UPSC NDA Math Model Paper 10

Given, A and B are two disjoint sets.
⇒ (A ∩ B) = ϕ
Consider the statement "A - B = A - (A ∩ B)"
A - B = {x : x ∈ A, x ∉ B}
⇒ A - B = A ....(1)
Now, A - (A ∩ B) = A - ϕ
⇒ A - (A ∩ B) = A ....(2)
From (1) and (2), we have
A - B = A - (A ∩ B)
The statement " A - B = A - (A ∩ B)" is true.

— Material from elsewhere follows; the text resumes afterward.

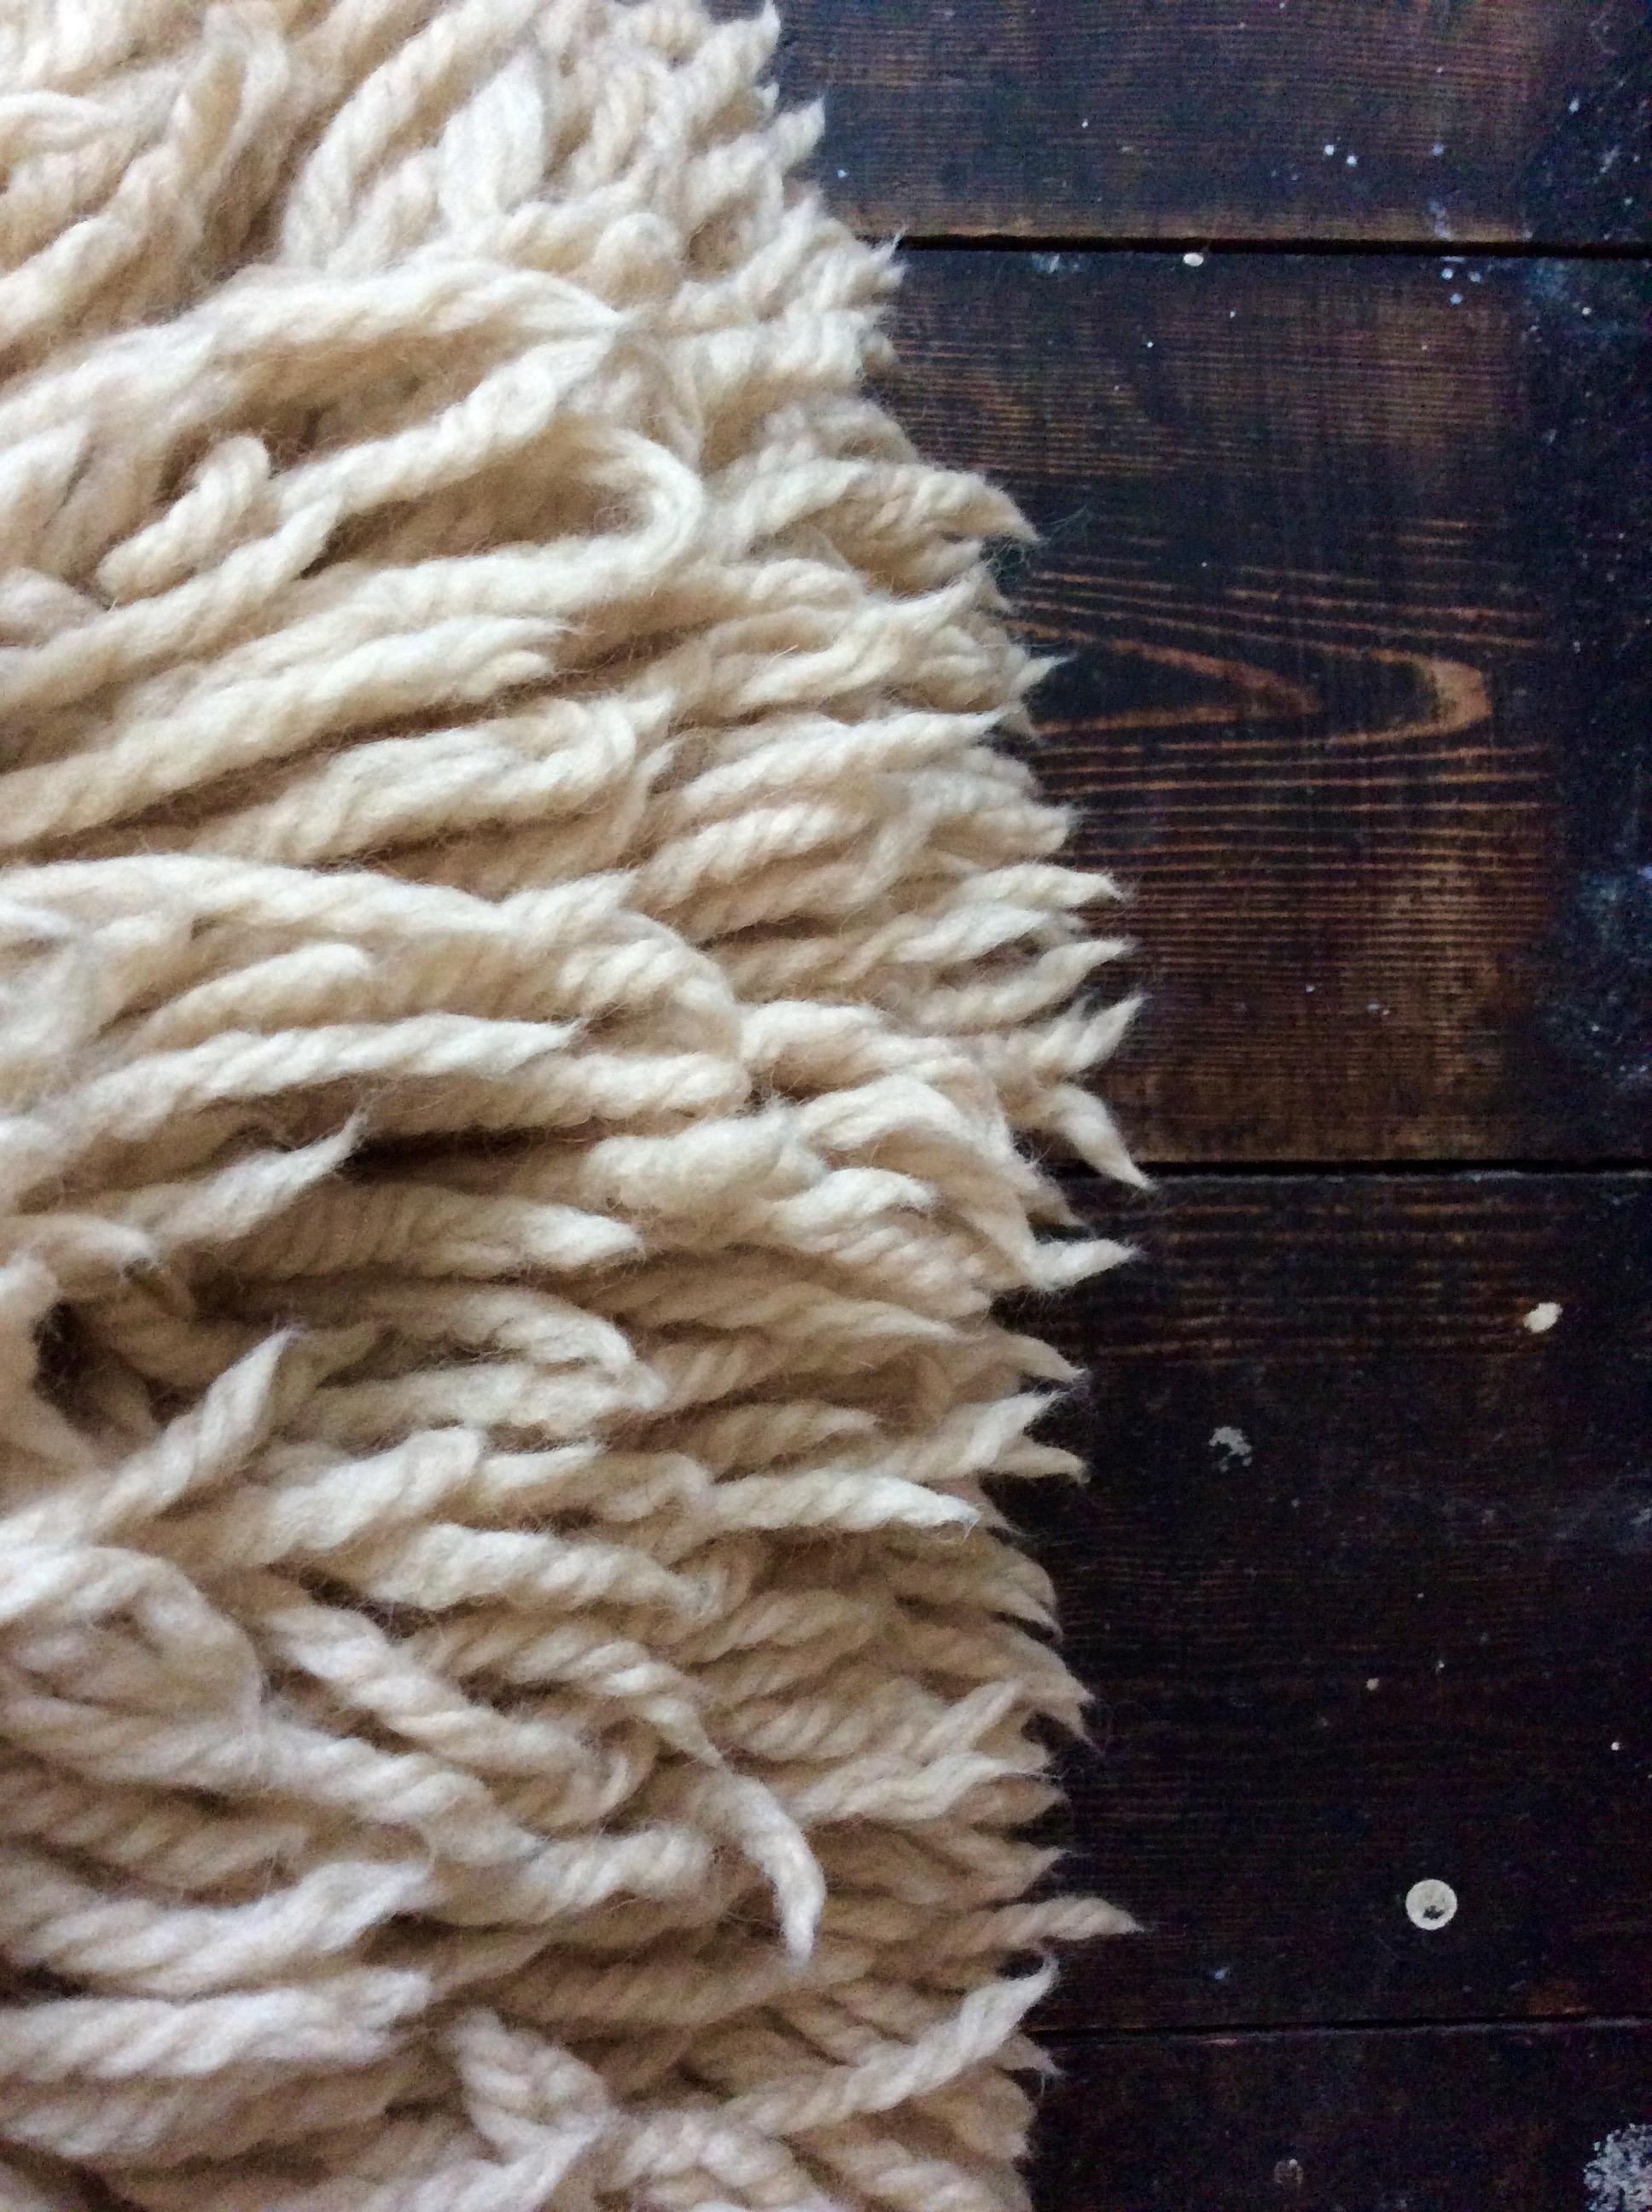 Kate Jones Shaggy cushion closeup.jpg

Consider the statement "A - A' = B ∩ B"
A - A' = {x : x ∈ A, x ∉ B}
⇒ A - A' = A ....(3)
Now, B ∩ B = B ....(4)
From (3) and (4), we have
A - A' ≠ B ∩ B
The statement " A - A' = B ∩ B" is not true.

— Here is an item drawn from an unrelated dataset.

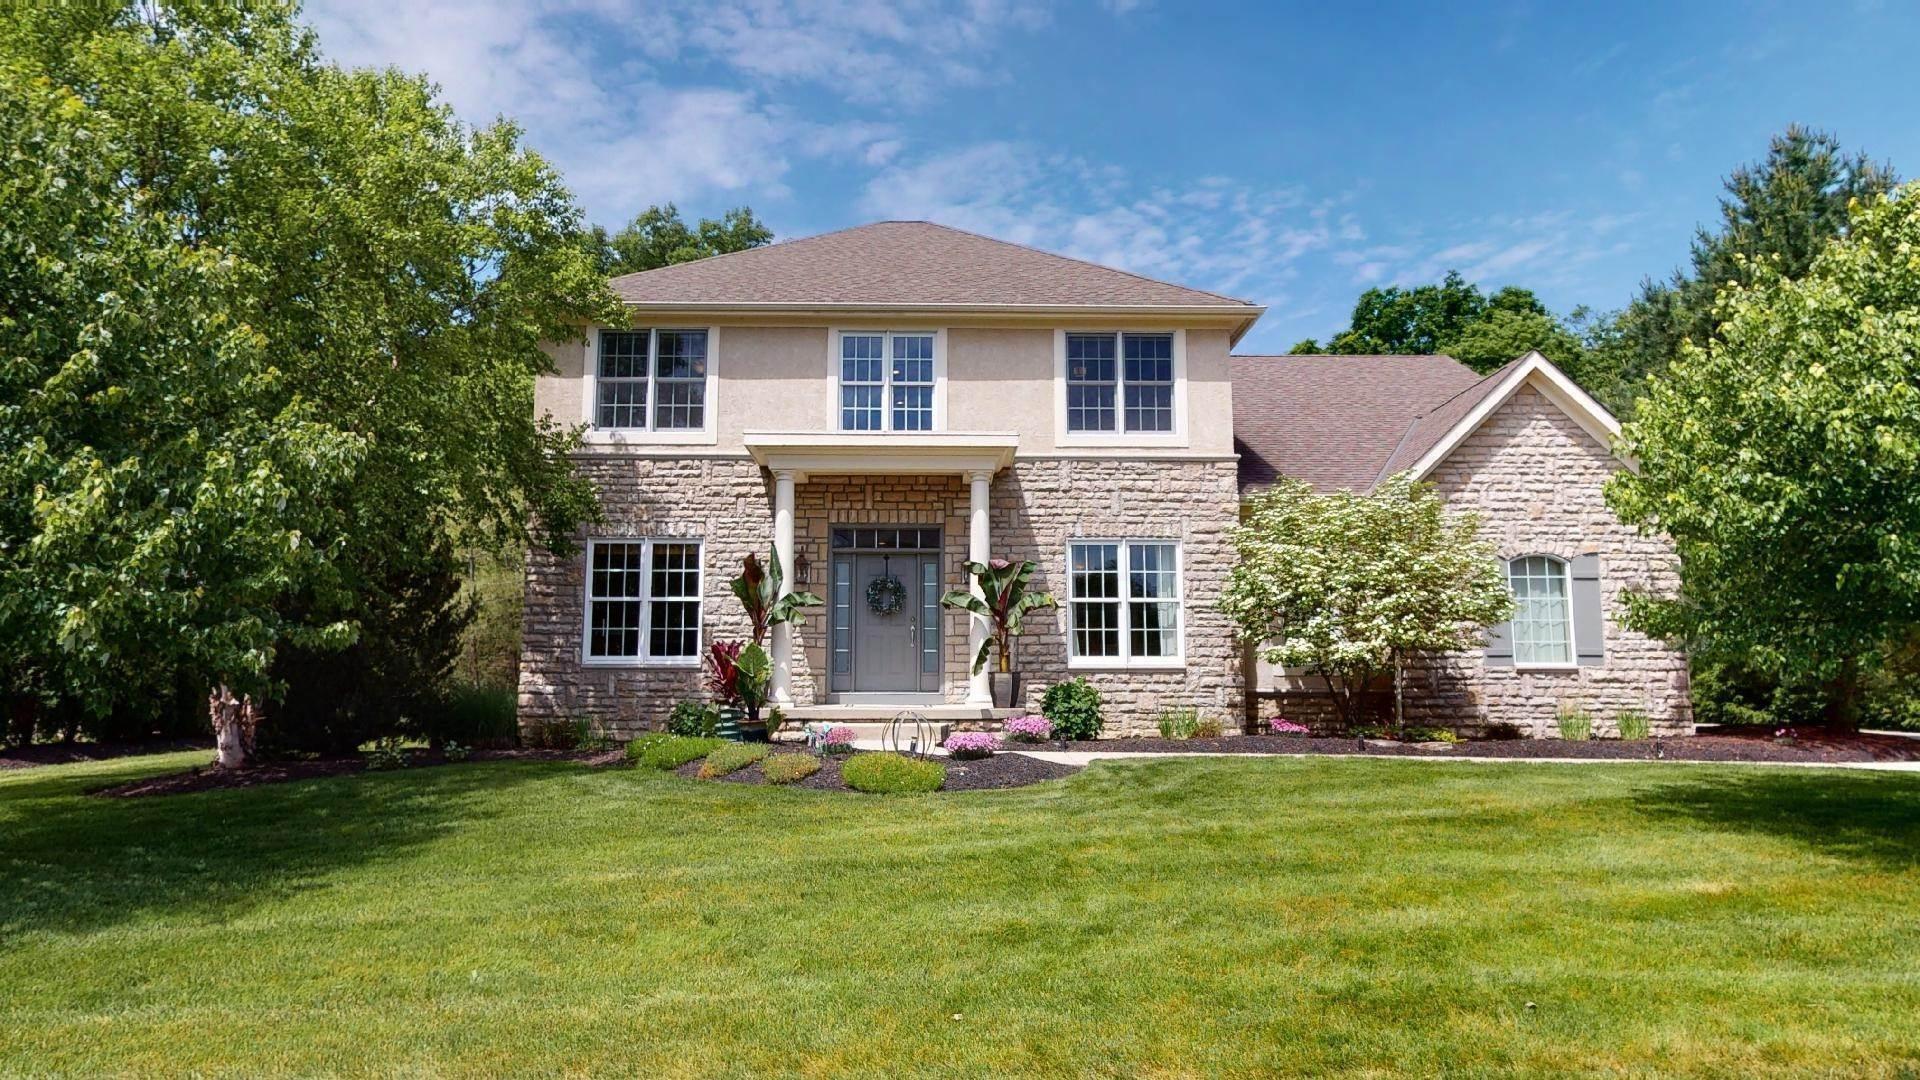 Single Family Homes for Sale at 1125 Jackson Hole Blacklick, Ohio 43004 United States

Consider the statement "A ∩ B = (A - B) ∩ B"
Let, A - B = {x : x ∈ A, x ∉ B}
⇒ A - B = A
⇒ (A - B) ∩ B = A∩ B
The statement "A ∩ B = (A - B) ∩ B" is true.
Hence, the statement A ∩ B = (A - B) ∩ B is true.